Vehicles are important tools that allow flexibly in our lives. We can go shopping any time when stores are open regardless of weather. We can also drive from the east coast to the west coast of the US. My friend did so and that was an amazing trip said him. He saw many beautiful natural sceneries. While our lives are facilitated by vehicles, you may want to ask yourself the questions below:
- How do I choose a car?
- What year, make and model?
- If I have limited budget and would like to buy a used car, what features should I focus on?
Therefore, in this project I will address these questions via a machine learning approach. First, vehicle information and listed price will be scraped from TrueCar.com. Next, a feature analysis will be performed to determine what features of a vehicle will be used as input variables in the analysis. Finally, a linear regression model will be trained using these features with respect to the listed price. This model will demonstrate the relationship between these features and the listed price. This will provide some recommendations on how to choose a used car.

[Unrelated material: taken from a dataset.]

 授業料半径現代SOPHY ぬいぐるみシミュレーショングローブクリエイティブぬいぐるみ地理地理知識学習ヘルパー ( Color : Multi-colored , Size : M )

A total of 8691 listed used cars within 25 miles from Boston MA were scraped from TrueCar.com using beautiful soup and Python. The information contained make, year, mileage, engine size, city/highway MPG, fuel type, drive type, transmission type, and engine type. The data was cleaned to exclude the cars with incomplete information such as mileage, price, engine size, and city/highway MPG. In addition, the price range was limited to $8k — 40k to exclude overly old and luxury cars. The clean data included 6557 cars.

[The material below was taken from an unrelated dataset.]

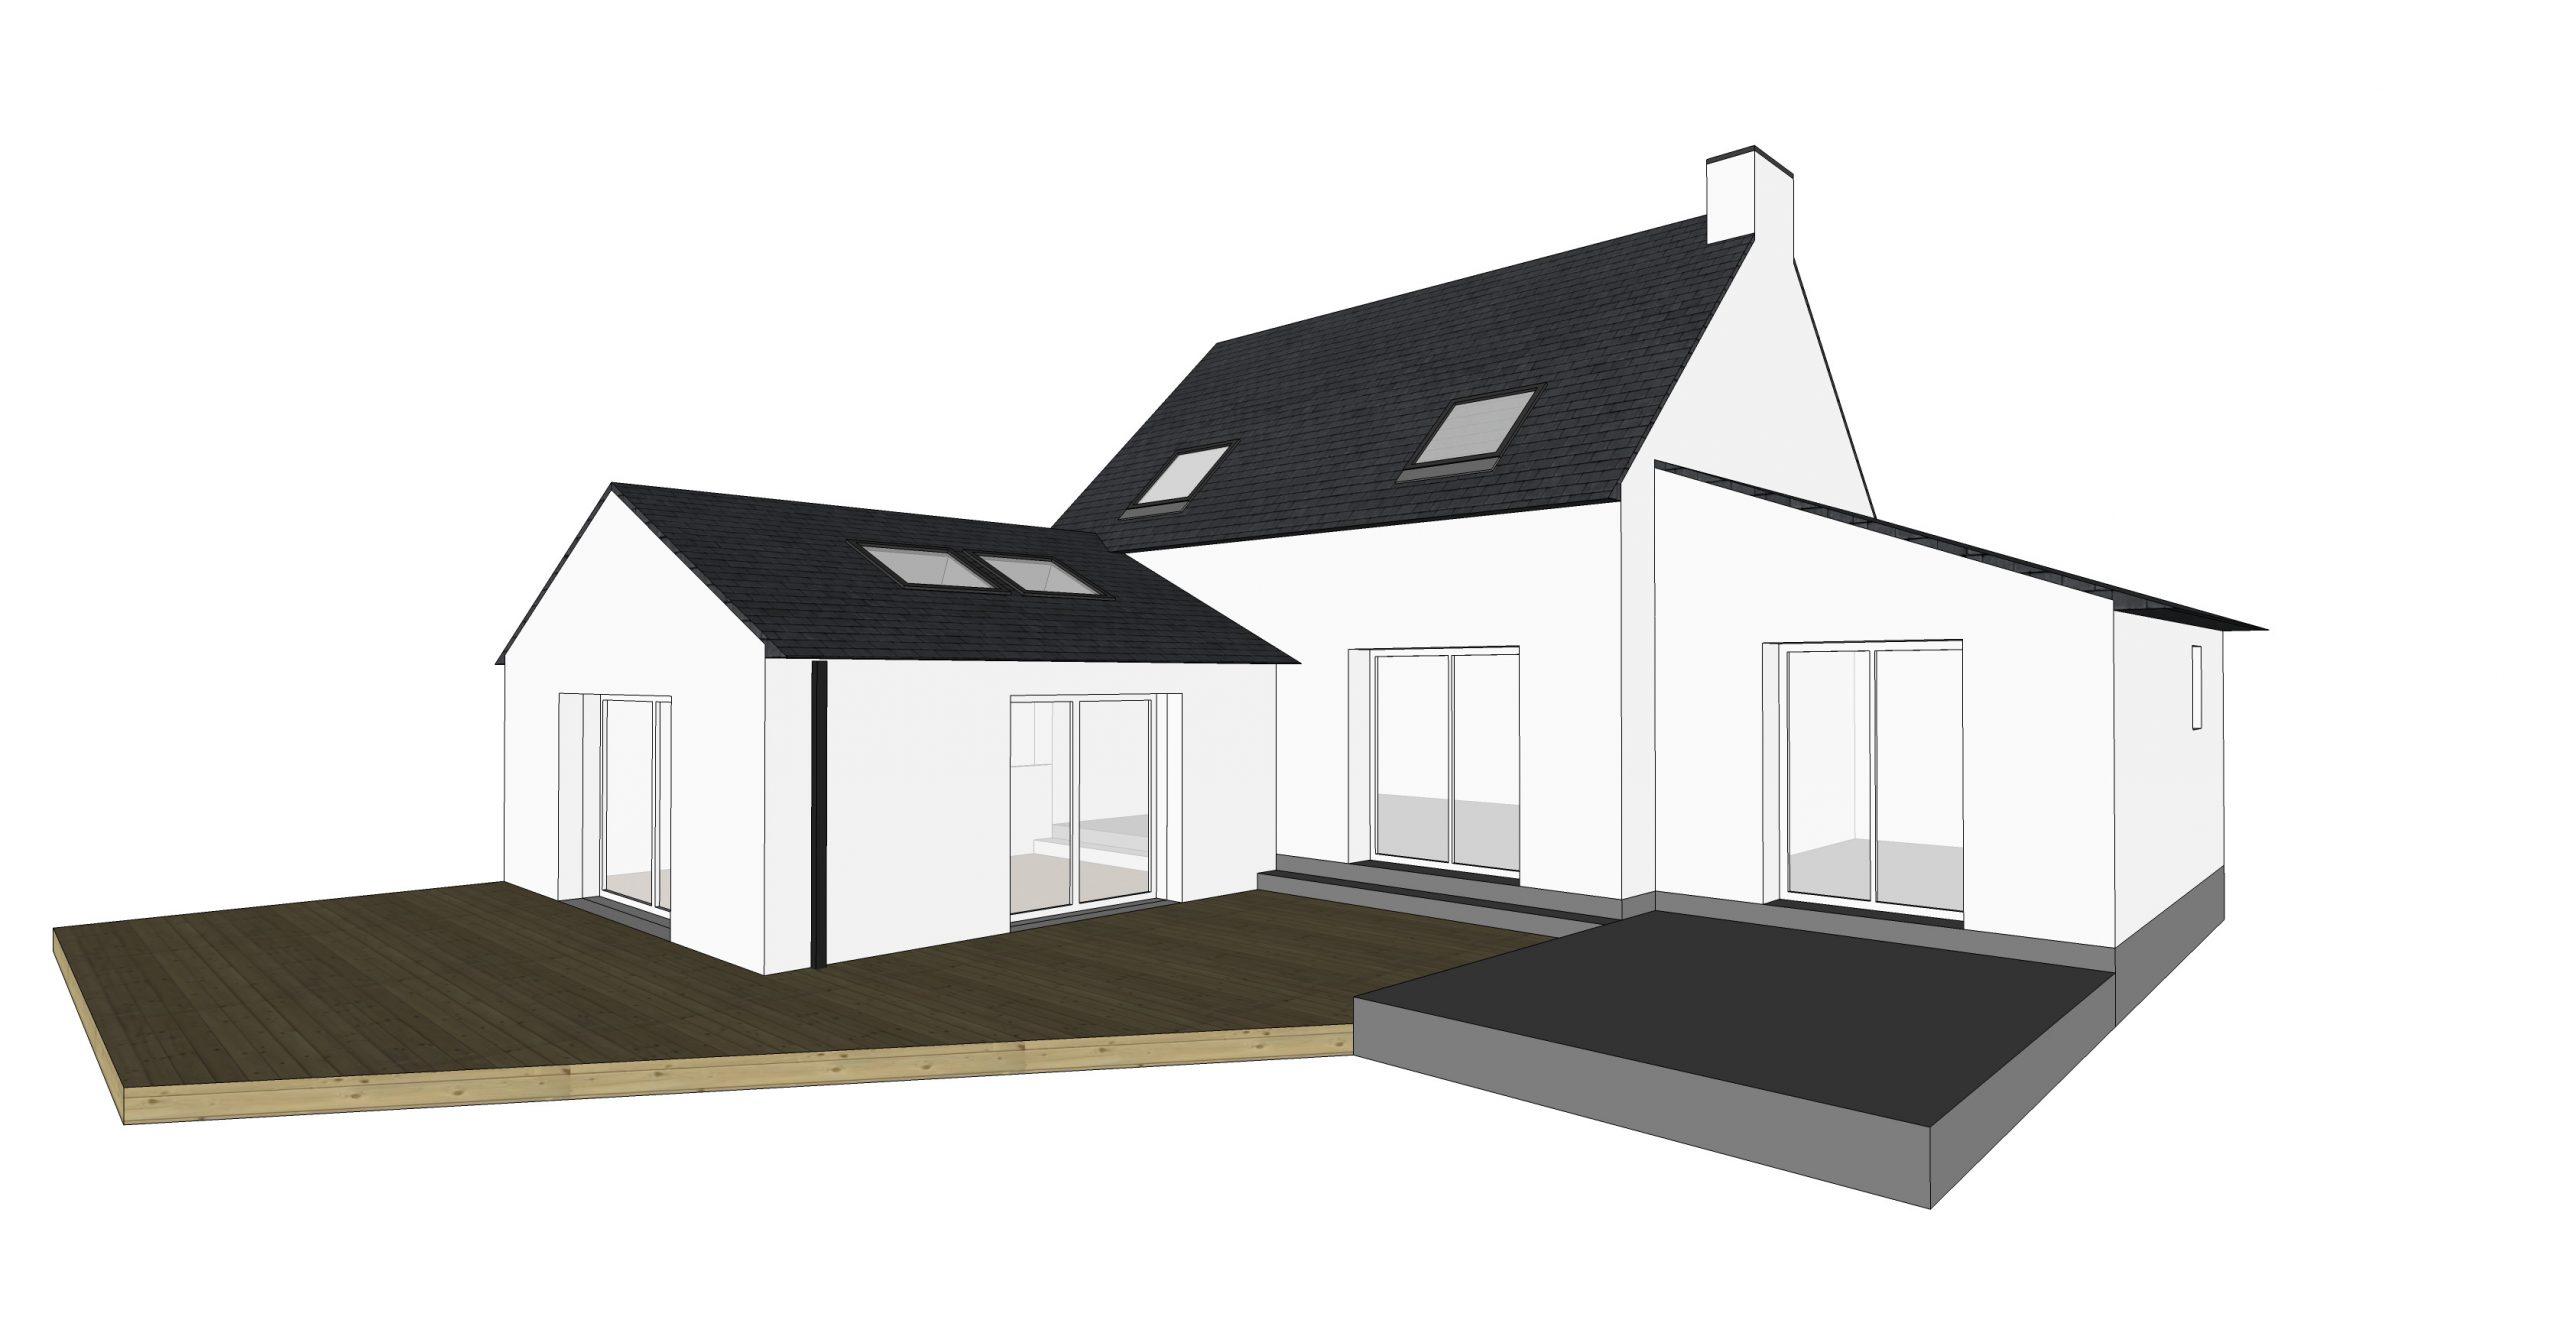 Modélisation 3D extension maison

The top 10 most popular vehicle makes were identified from all the scraped data to understand their market popularity. From the clean data, the range of listed vehicle price was investigated to assist budget planning.

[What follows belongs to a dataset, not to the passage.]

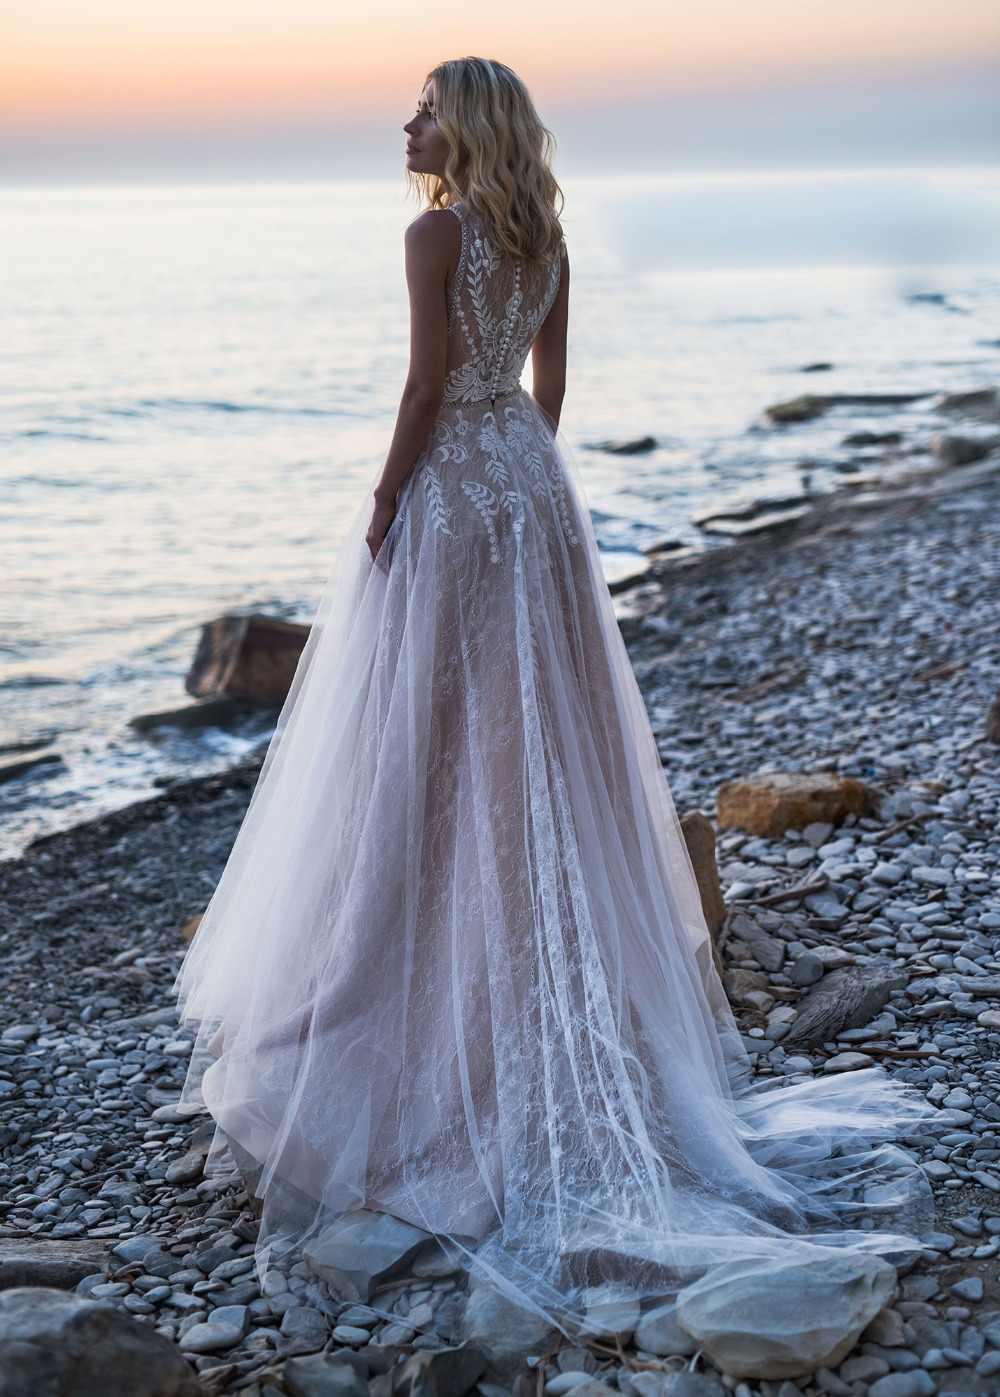 2019 בוהמי חתונת שמלות תכשיט תחרה אפליקציות חרוזים כלה שמלות כפתור חזרה חוף קו חתונת שמלת חלוק דה Mariee

Features used as the input of the linear regression analysis contain continuous and categorical variables. The former included year, mileage, engine size, and city MPG. The latter included fuel type (gas, diesel, and hybrid), drive type (AWD, FWD, and RWD), transmission type (manual and automatic), and engine type (regular or turbocharged).
The heatmap below demonstrates pair-wise Pearson correlation coefficients between each pair of continue variables and between each continuous variable and listed car price. Highway MPG was highly correlated with city MPG (correlation coefficients of 0.91). Therefore, it was discarded in the regression modeling.
Three interaction features were added in order to improve the performance of the linear regression model. They included 1) the interaction between drive type and city MPG as rear-wheel drive layout typically generates more power using the same amount of gas as front-wheel drive does; 2) the interaction between transmission type and city MPG as manual transmission along with a high MPG could lead to a low price; 3) the interaction between fuel type and city MPG as a hybrid engine with a high city MPG typically induces high price.
Linear regression modeling
The figure below shows the workflow of linear regression modeling. First, the entire data was split into training and testing datasets. (80% vs 20%). Second, with the feature engineering performed above, the training dataset was used to perform linear regression with a ridge regularization for a 5-fold cross validation. Third, the best penalty strength (alpha=3.6) resulting in the minimum mean squared error was identified from a pre-defined range -0.5–5 (with an increment of 0.8). Next, a final linear regression model using ridge regression with the best performing penalty strength was trained based on the complete training dataset. Finally, the performance of the fitted regression model was verified using the independent testing data.
Results and Discussion
For all the scraped vehicles, the top 10 most popular makes were listed (figure below). Among them, the top 3 most popular vehicle makes were Toyota, Honda, and Ford, suggesting they have a hot market near the great Boston area.
The histogram below demonstrates that most of the cars of interest are priced within ~$12k — ~$30k. Therefore, it is important to plan a budget for buying a used car. This price range may not be affordable for some people to pay off at purchase. They may seek for a loan offered by dealerships. They usually offer a lower rate for used car.
The subplot below on the left shows the comparison between the predicted and actual listed price. The training and testing R² achieved 0.74 and 0.72, respectively. The testing mean squared error was $3008, suggesting the predicted price had an average difference of $3008 relative to the actual listed price. To examine the residuals plot (middle subplot below), a linear regression analysis was performed between the residuals and predicted price. Both the resulting slope and R² were 0 suggesting no specific pattern and trend between the variables. The Q-Q plot (left subplot below) indicates that residuals followed a normal distribution but with negative skewness. Therefore, the listed price is more likely to be underestimated, which is consistent with the left subplot comparing the predicted and actual listed price. Underestimations were observed for the prices below $12k and over $30k as the scraped data did not contain sufficient information of this price range. However, the regression model performed well within the price range between $12k and $30k.
The figure below illustrates the import vehicle features that potentially affect vehicle price. Front-wheel drive layout most likely lowered car price. Other features including high mileage, high city MPG, and the use of gas also reduced price, but not as much as front-wheel drive layout. However, a very recent car equipped with a large-sized turbocharged engine and rear-wheel drive layout could have a high price. The hybrid engine was also likely to increase vehicle price.
In this analysis, an exploratory investigation and linear regression were conducted in order to provide recommendations on buying a used car. First, customers may focus on the top 3 most popular makes, i.e. Toyota, Honda, and Ford. Be prepared for the price range of ~$12k — ~$30k. Finally, the following features could be focused on to choose a cheap used car:
- Front-wheel drive
- Certain amount of mileage
- Small-sized engine
- High city MPG
- Gas engine, not hybrid
- Not too recent